What needs to be done:
Every line of the records that holds the word "Film" should be copied.

________________

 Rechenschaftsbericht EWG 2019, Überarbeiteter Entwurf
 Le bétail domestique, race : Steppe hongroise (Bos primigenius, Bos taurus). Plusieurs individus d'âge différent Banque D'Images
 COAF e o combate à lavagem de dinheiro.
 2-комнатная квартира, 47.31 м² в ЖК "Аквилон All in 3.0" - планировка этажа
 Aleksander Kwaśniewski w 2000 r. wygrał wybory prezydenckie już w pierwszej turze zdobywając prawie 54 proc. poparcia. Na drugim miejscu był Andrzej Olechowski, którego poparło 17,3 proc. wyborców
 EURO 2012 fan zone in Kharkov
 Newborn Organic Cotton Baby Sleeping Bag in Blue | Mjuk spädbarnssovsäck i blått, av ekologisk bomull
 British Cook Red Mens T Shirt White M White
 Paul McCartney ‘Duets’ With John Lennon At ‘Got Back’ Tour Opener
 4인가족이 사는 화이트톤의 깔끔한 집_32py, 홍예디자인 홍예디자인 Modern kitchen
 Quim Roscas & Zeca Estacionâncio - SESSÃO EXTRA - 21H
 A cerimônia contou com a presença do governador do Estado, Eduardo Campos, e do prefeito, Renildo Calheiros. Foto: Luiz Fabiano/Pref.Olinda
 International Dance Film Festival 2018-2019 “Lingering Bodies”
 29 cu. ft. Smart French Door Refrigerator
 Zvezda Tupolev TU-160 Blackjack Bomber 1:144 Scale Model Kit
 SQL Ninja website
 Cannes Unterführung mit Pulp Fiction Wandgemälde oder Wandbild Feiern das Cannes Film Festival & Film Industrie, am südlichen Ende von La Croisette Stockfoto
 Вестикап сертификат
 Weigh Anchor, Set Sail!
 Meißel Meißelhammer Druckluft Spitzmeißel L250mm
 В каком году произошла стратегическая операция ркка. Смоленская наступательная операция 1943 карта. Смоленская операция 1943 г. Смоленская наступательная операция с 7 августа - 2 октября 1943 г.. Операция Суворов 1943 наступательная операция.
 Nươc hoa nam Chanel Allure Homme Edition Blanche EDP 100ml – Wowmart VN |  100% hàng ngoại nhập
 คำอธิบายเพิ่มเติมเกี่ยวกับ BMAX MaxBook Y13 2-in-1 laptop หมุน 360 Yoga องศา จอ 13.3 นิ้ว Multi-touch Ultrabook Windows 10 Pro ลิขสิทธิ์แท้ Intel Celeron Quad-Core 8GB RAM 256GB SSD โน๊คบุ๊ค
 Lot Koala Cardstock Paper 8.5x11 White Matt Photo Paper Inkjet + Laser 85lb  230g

________________

Answer section:
 International Dance Film Festival 2018-2019 “Lingering Bodies”
 Cannes Unterführung mit Pulp Fiction Wandgemälde oder Wandbild Feiern das Cannes Film Festival & Film Industrie, am südlichen Ende von La Croisette Stockfoto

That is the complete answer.